Path: utzoo!utgpu!jarvis.csri.toronto.edu!rutgers!apple!sun-barr!ames!sgi!bron@bronze.wpd.sgi.com
From: bron@bronze.wpd.sgi.com (Bron Campbell Nelson)
Newsgroups: comp.arch
Subject: Re: MIPS/MFLOPS ratio [long; here we go again; sorry]
Summary: One data point
Message-ID: <37530@sgi.SGI.COM>
Date: 7 Jul 89 02:43:54 GMT
References: <596@megatek.UUCP> <112807@sun.Eng.Sun.COM> <114015@sun.Eng.Sun.COM>
Sender: daemon@sgi.SGI.COM
Organization: Silicon Graphics, Inc., Mountain View, CA
Lines: 55


In article <22792@winchester.mips.COM>, mash@mips.COM (John Mashey) writes:
[ A whole bunch of stuff, including: ]

> 3) It really is boring having to respond to marketing FUD and
> rewritings of history in comp.arch.  There are better things to do, and I'd much
> see discussion of things like (to pick a simple case):
> 	Which is better: 2-cycle + & 5-cycle *, or 3-cycle + & 4-cycle *?
> 	On which kinds of benchmarks? why?
> 	How much difference does it make in performance? in silicon space?
> 
> I.e., things that give DATA, and even better INSIGHT........
[...]
> -john mashey	DISCLAIMER: <generic disclaimer, I speak for me only, etc>
> UUCP: 	{ames,decwrl,prls,pyramid}!mips!mash  OR  mash@mips.com
> DDD:  	408-991-0253 or 408-720-1700, x253
> USPS: 	MIPS Computer Systems, 930 E. Arques, Sunnyvale, CA 94086

Here is a single data point, drawn from Lawrence Livermore National Labs.
{Ref: Harry Nelson, "Using the Performance Monitors on the X-MP/48";
Tentacle; vol V, num. 9, Sept/Oct 1985 (LLNL internal publication).}
Result are reported for a 30 hour weekend full production run (i.e. almost
all batch jobs doing "real" work, very little interactivity).  Exactly which
programs were running is not known, but the author claims (based on several
similar experiments) that this is a representative sample.  Note by the
way that these were real jobs doing real work, not a set of benchmarks or
test programs.

During that time, the following operation counts were seen (1cpu):
	F.P. add:	1198 *10^9
	F.P. multiply:	1346 *10^9
	F.P. reciprocal: 135 *10^9
These numbers include by scalar and vector F.P. operations.  The multiply
numbers are slightly inflated due to lack of a F.P. divide operation on
a the X-MP; to do a full divide (i.e.

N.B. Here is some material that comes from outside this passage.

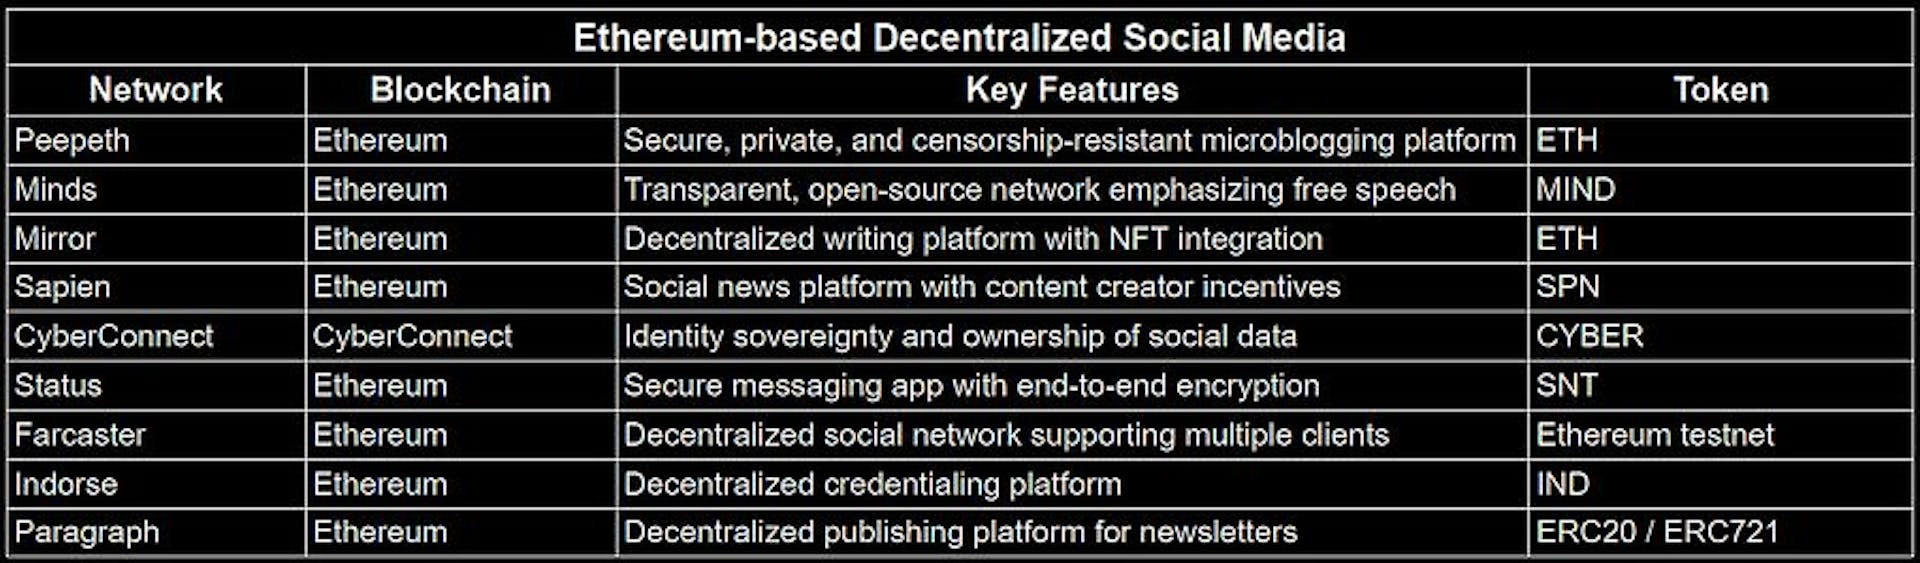 Ethereum-based Decentralized Social Media

A/B) requires one reciprocal and
three multiplies.  If we assume all the reciprocals represent divides,
and subtract these from the above we get
	+:	1198  => 53%
	*:	 941  => 41%
	/:	 135  =>  6%

The surprising thing (to me) is how close the + and * numbers are.  What
this unfortunately means is that the answer is not very clear.  It involves
answering questions like "how frequently can an add be overlapped with
a multiply?", and "how often is an add on the critical path?"  F.P. adds
are not so abundant (relative to multiplies) that the question can be
dismissed, but it is certainly not something I'd recommend without a lot
of supporting evidence, and even then its looks to be a fairly marginal
optimization.  The silicon might be better invested in doing something else
(maybe hardware sqrt?).

--
Bron Campbell Nelson
bron@sgi.com  or possibly  ..!ames!sgi!bron
These statements are my own, not those of Silicon Graphics.